## Your goal
The expected result is an exact restatement of the data, free of pictures.

## Supplied data
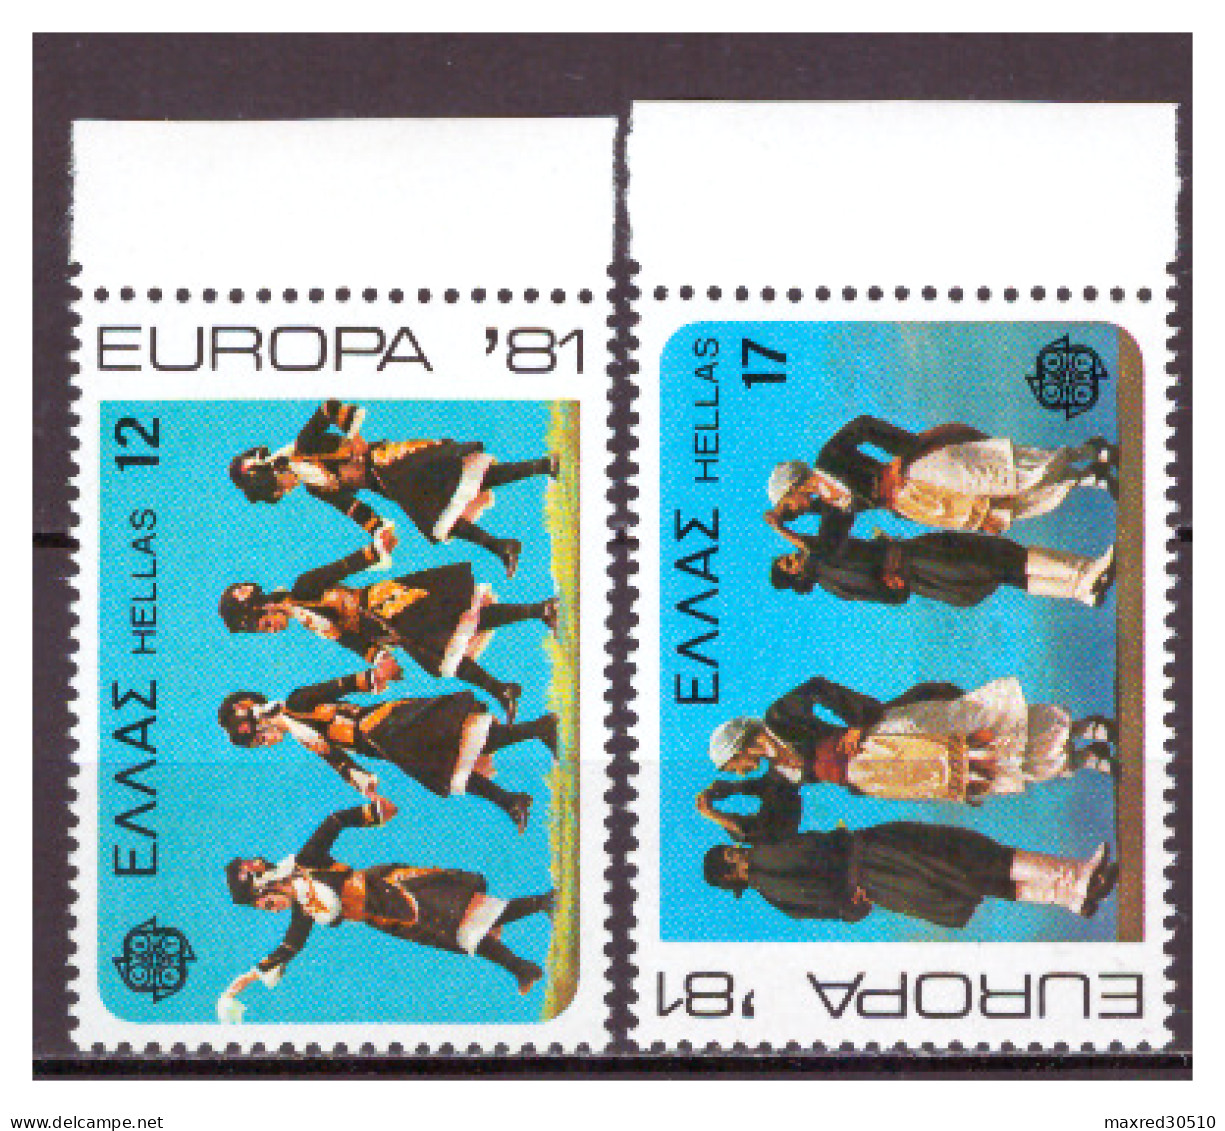 GREECE 1981 SET "EUROPA CEPT 1981 - TRADITIONAL DANCES" MNH  V-F - Ongebruikt
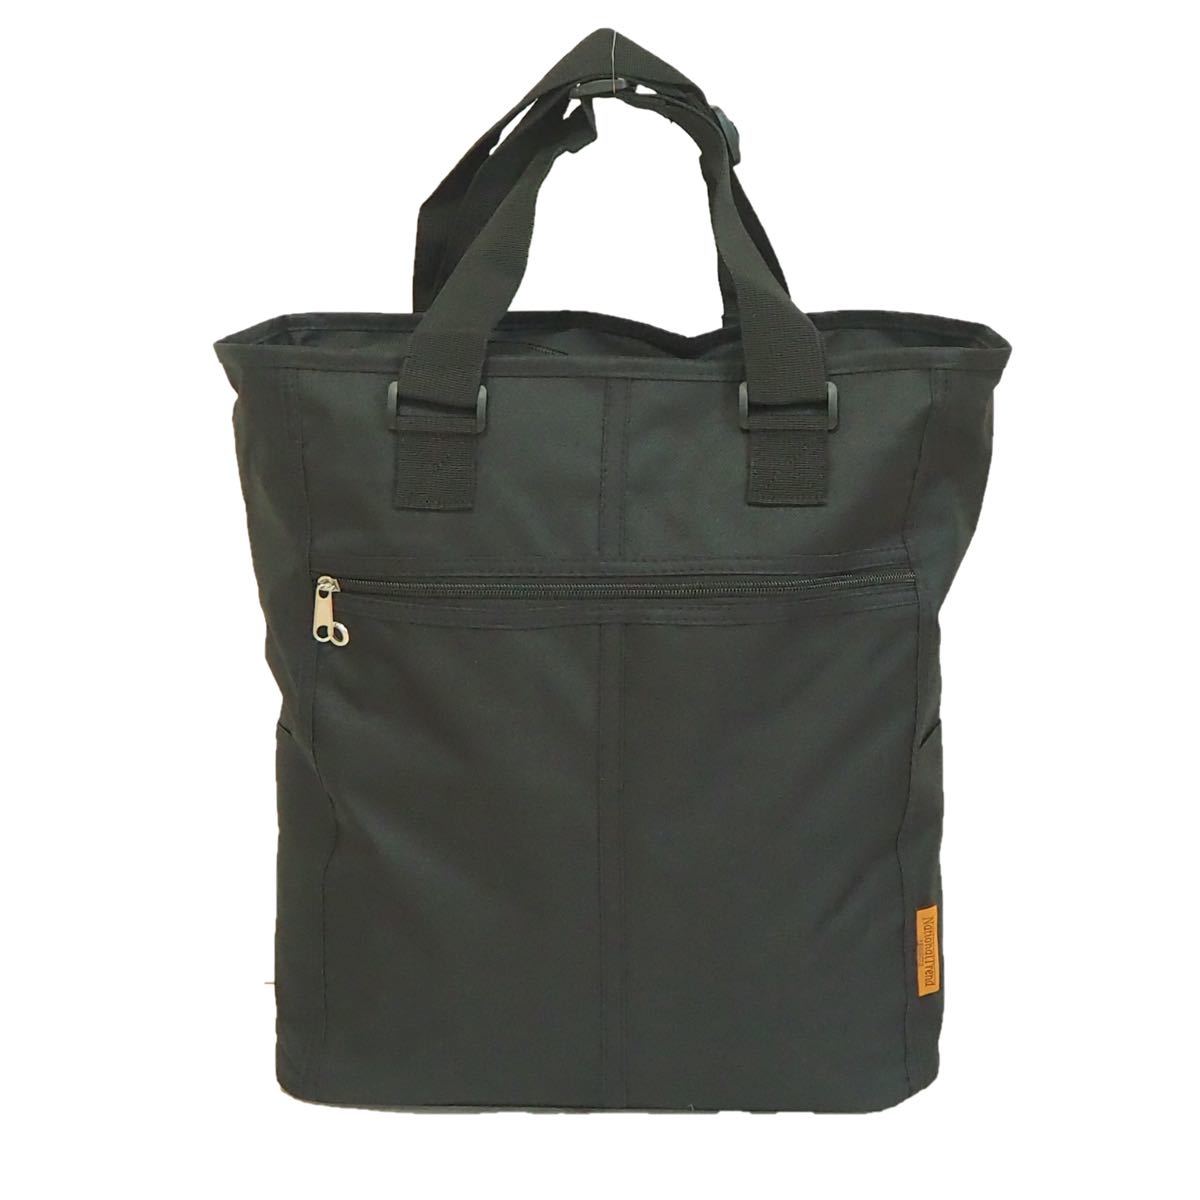 【新品・ブラック】☆トートバッグ☆ エコバッグ ショッピング 通勤 通学 マザーズバッグ スポーツバッグ 旅行バッグ
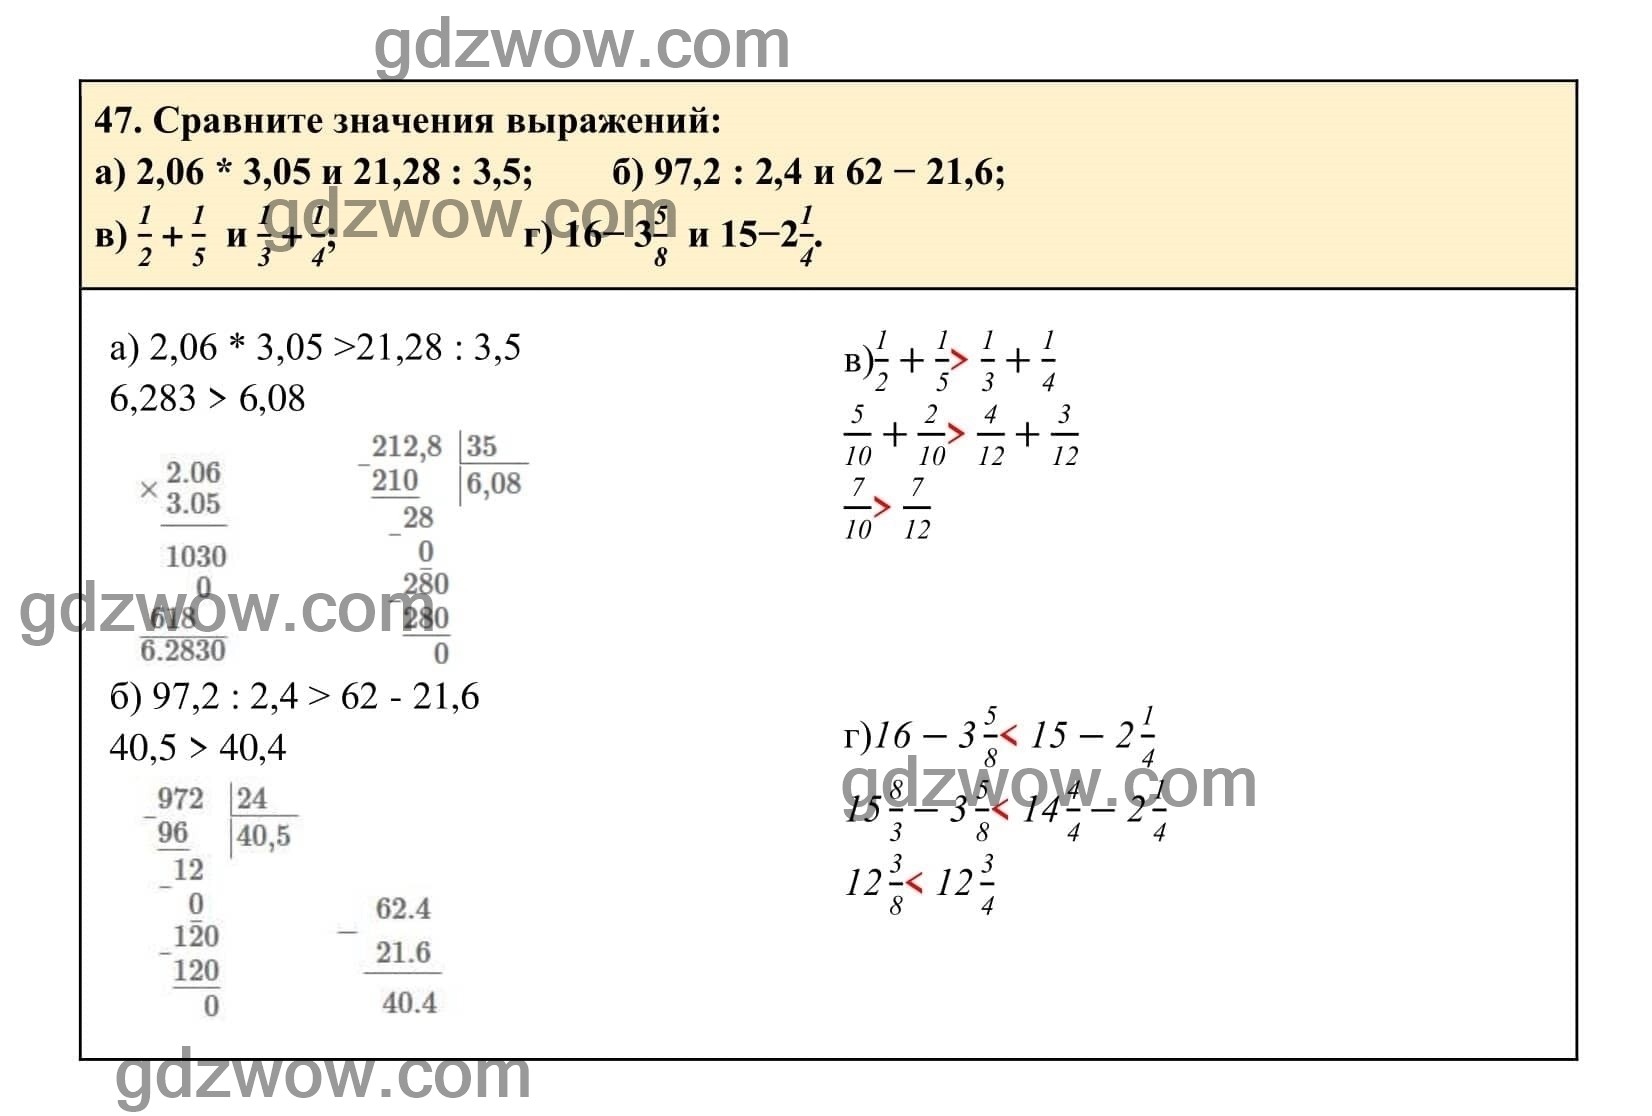 Упражнение 47 - ГДЗ по Алгебре 7 класс Учебник Макарычев (решебник) - GDZwow

## Output for this exercise
 GREECE 1981 SET "EUROPA CEPT 1981 - TRADITIONAL DANCES" MNH  V-F - Ongebruikt
 【新品・ブラック】☆トートバッグ☆ エコバッグ ショッピング 通勤 通学 マザーズバッグ スポーツバッグ 旅行バッグ
 Упражнение 47 - ГДЗ по Алгебре 7 класс Учебник Макарычев (решебник) - GDZwow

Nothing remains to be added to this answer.